# Transcriptomic Descriptor Analysis

This notebook provides an analysis of transcriptomic data, calculating key statistical descriptors for each gene to understand expression patterns across samples.

## Objectives:
- Calculate biologically relevant metrics per gene.
- Summarize the distribution and variability of gene expression data.


In [None]:

# Import required libraries
import pandas as pd
from scipy.stats import skew, kurtosis

# Load the dataset
file_path = '41598_2022_12463_MOESM1_ESM.csv'  # Adjust the path if necessary
data = pd.read_csv(file_path)

# Display the first few rows of the dataset
data.head()


## Calculation of Transcriptomic Descriptors

In [None]:

# Extract numeric columns (samples data)
expression_data = data.iloc[:, 3:]

# Calculate metrics
results = pd.DataFrame({
    'Gene': data['Gene_name'],
    'Mean': expression_data.mean(axis=1),
    'SD': expression_data.std(axis=1),
    'CV': expression_data.std(axis=1) / expression_data.mean(axis=1),
    'Skewness': expression_data.apply(skew, axis=1),
    'Kurtosis': expression_data.apply(kurtosis, axis=1),
    'Range': expression_data.max(axis=1) - expression_data.min(axis=1)
})

# Display the results
results.head()


## Visualization of Results

In [None]:

import matplotlib.pyplot as plt

# Plot distribution of mean expression
plt.figure(figsize=(10, 6))
plt.hist(results['Mean'], bins=30, alpha=0.7, label='Mean Expression')
plt.xlabel('Expression Level')
plt.ylabel('Frequency')
plt.title('Distribution of Mean Expression')
plt.legend()
plt.show()

# Plot Coefficient of Variation vs.
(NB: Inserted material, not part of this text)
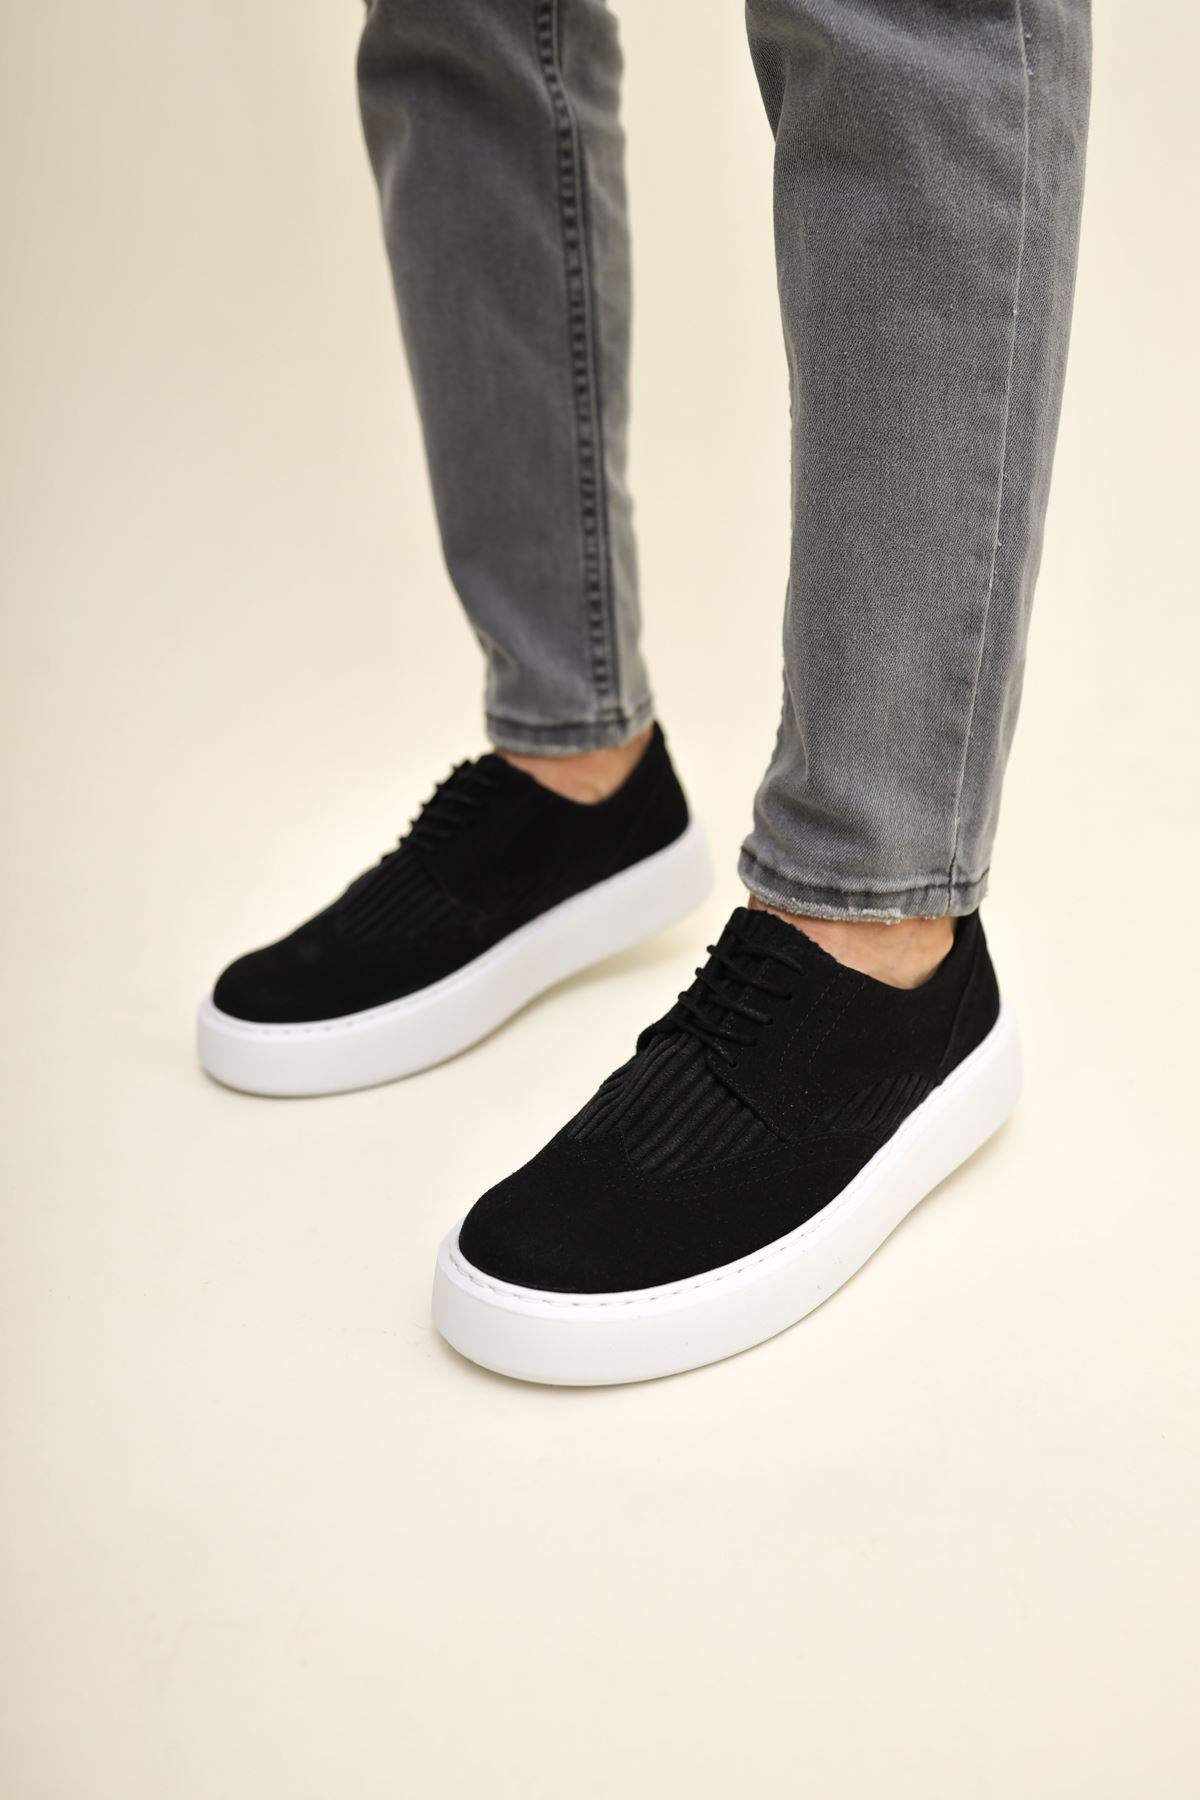 CH 149 Men's Sneakers Shoes BLACK Suede - STREETMODE ™

Mean
plt.figure(figsize=(10, 6))
plt.scatter(results['Mean'], results['CV'], alpha=0.6, label='CV vs Mean')
plt.xlabel('Mean Expression')
plt.ylabel('Coefficient of Variation')
plt.title('CV vs Mean Expression')
plt.legend()
plt.show()



# Conclusions

- The Mean expression levels indicate the overall activity of genes across the samples.
- High Coefficient of Variation (CV) values suggest greater variability relative to the mean expression.
- Skewness and Kurtosis help identify genes with asymmetric distributions and extreme expression values, respectively.
- The range metric highlights genes with the broadest expression fluctuation.

These metrics provide insights into gene behavior across different conditions and can guide further biological investigations.